Everything from the line with "New Jersey Nets" to the end of the data below, both lines included, should be transcribed exactly; please omit the pictures.

GIVEN DATA:
::::
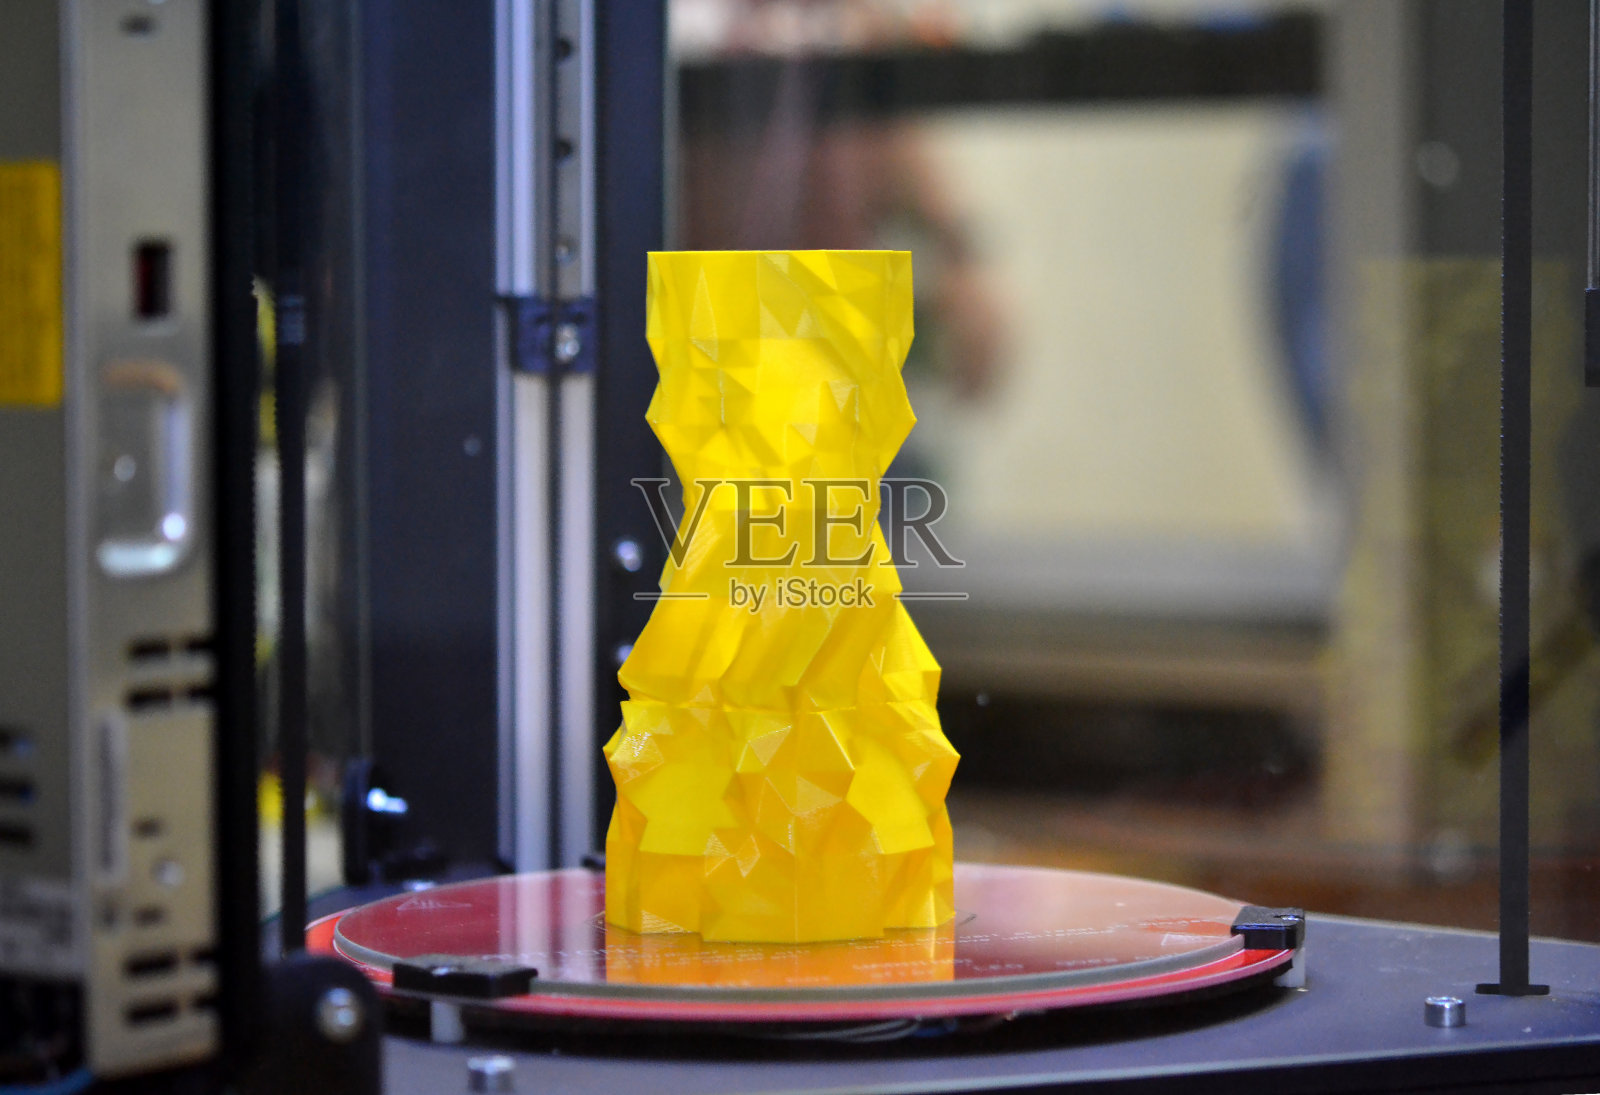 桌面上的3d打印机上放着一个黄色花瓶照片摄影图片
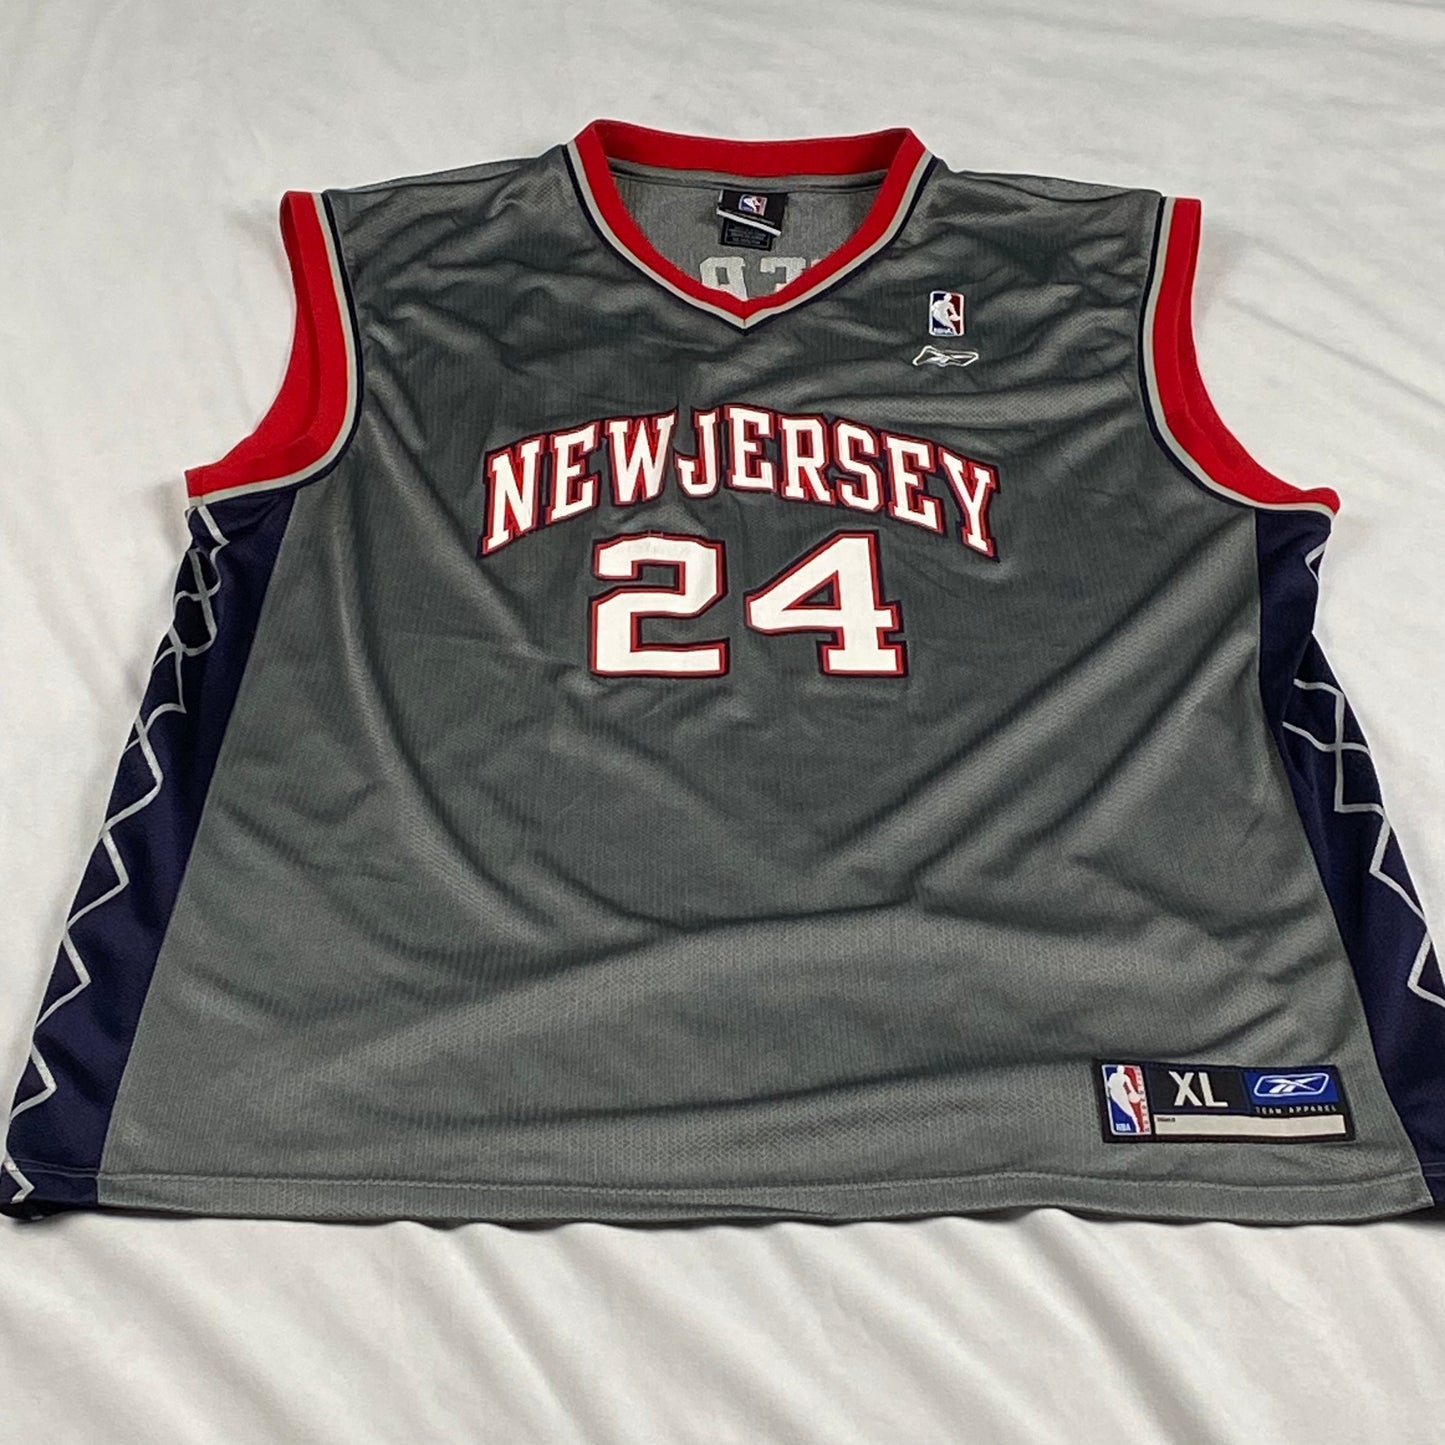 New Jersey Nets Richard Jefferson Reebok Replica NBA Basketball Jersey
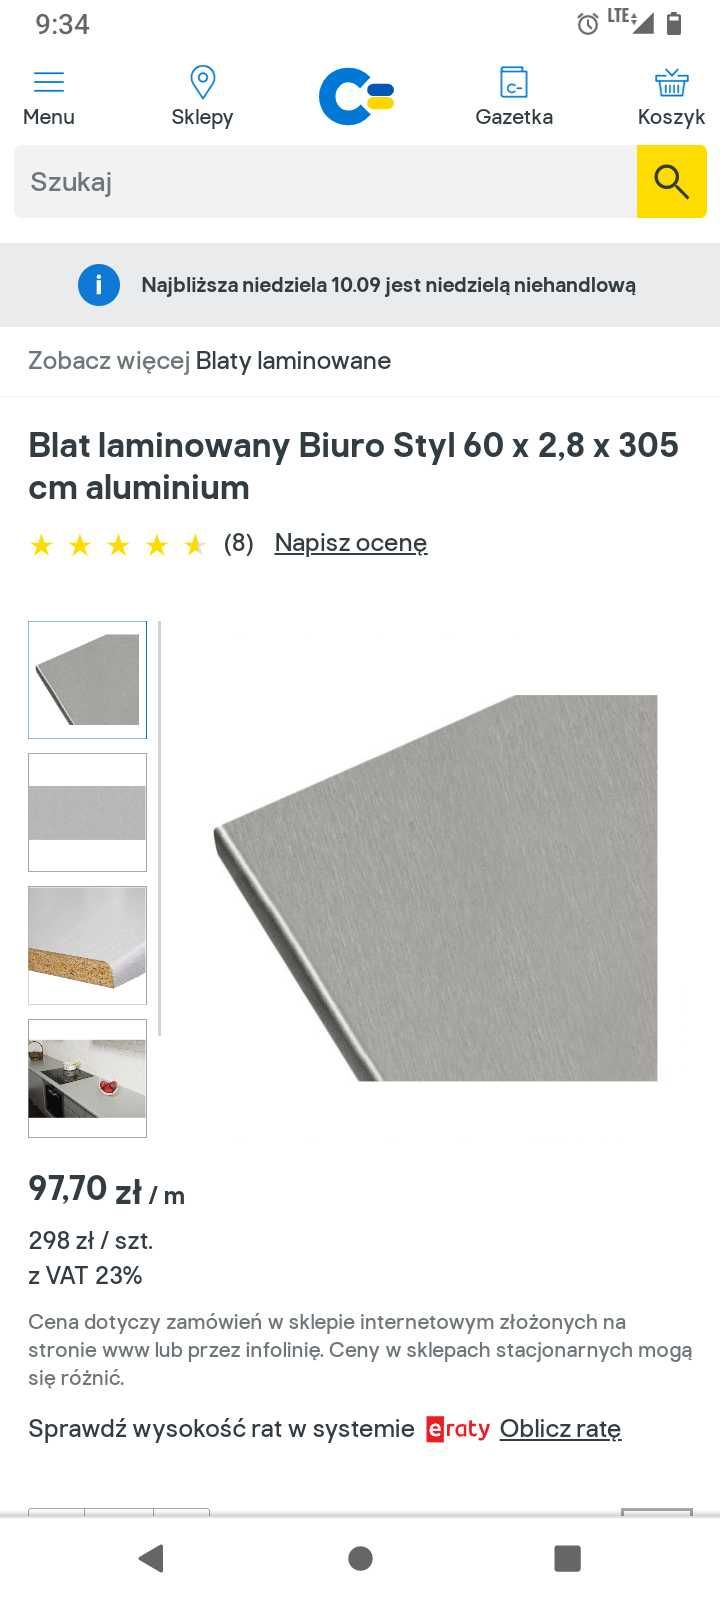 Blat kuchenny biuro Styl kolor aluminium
::::
OUTPUT BELOW:
 New Jersey Nets Richard Jefferson Reebok Replica NBA Basketball Jersey
 Blat kuchenny biuro Styl kolor aluminium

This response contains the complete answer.